Google announced Gemini 1.5 Pro on February 15th with a one million token context window in the research preview. One million tokens is roughly 750,000 words. The practical implications are only starting to be worked through.
To put this into perspective, I've seen applications where a 32K token limit meant chopping up long documents into smaller chunks, only to reassemble them later. With a million tokens, you can handle most long documents in a single pass. For instance, I worked on a project where we had to process legal documents averaging 200K tokens. We had to use a combination of summarization and retrieval to stay within the 32K token limit. A million tokens would have simplified that process significantly.

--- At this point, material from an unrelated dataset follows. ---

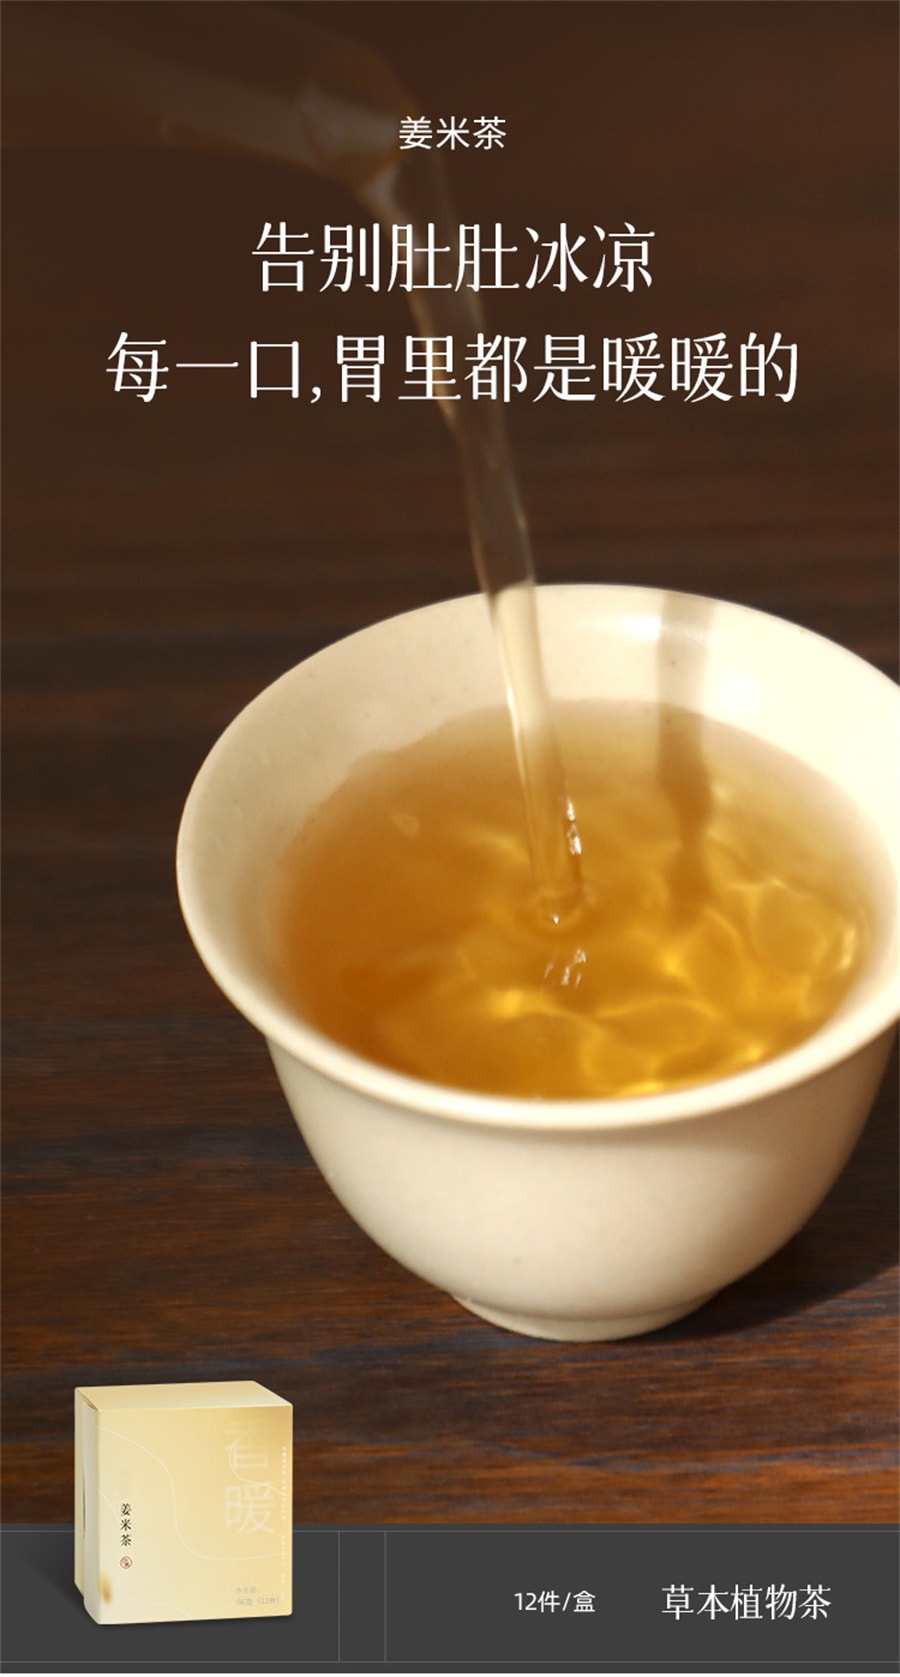 【中国直邮】少点盐   陈皮姜米茶-逐湿败寒-炒米茶新会陈皮干姜养生茶包泡水  96g/盒

Previous practical context limits were 8K to 32K tokens for most models, with Claude 2 at 100K and some models reaching 200K. One million tokens is a significant jump. At this scale you can load entire codebases, full transcripts of long meetings, complete legal case files, or thousands of documents simultaneously.
The retrieval-augmented generation pattern, where you retrieve relevant chunks and stuff them into context, becomes less necessary for many applications when the entire corpus fits in context. I've seen cases where this pattern added latency and complexity. For example, a customer service chatbot I worked on had to retrieve relevant product info from a database, which added around 50ms of latency per query. With a million token context window, you could potentially eliminate that extra step.
Google's needle-in-a-haystack evaluation inserts a specific sentence into a very long document and asks the model to find it. Gemini 1.5 Pro scored 99% accuracy across 1 million token contexts. This result is different from previous long-context models that showed significant degradation above 32K tokens.
Gemini 1.5 uses a mixture-of-experts architecture, the same approach as Mixtral. Only a subset of the model's parameters are active for any given input. This is how Google can offer a million-token context window at a latency and cost that is not prohibitive. In my experience, mixture-of-experts models can be more expensive to train, but the payoff is worth it for large context windows.
The full weight of the model is not activated for every token in that million-token window. Routing logic determines which experts handle which parts of the input. I've worked with similar architectures, and the key is to optimize the routing logic to minimize latency. For instance, we used a hierarchical routing approach in one project, which reduced latency by around 30%.
The research preview access for 1M tokens is limited and latency is higher than production APIs. But the right thing to do with early access is test your actual use case, not the published benchmark.
If you have a retrieval-intensive application, test whether a long-context model eliminates your retrieval complexity. If you have a document processing workflow, test whether loading the full document changes accuracy on your specific task. The production answer is always in your data.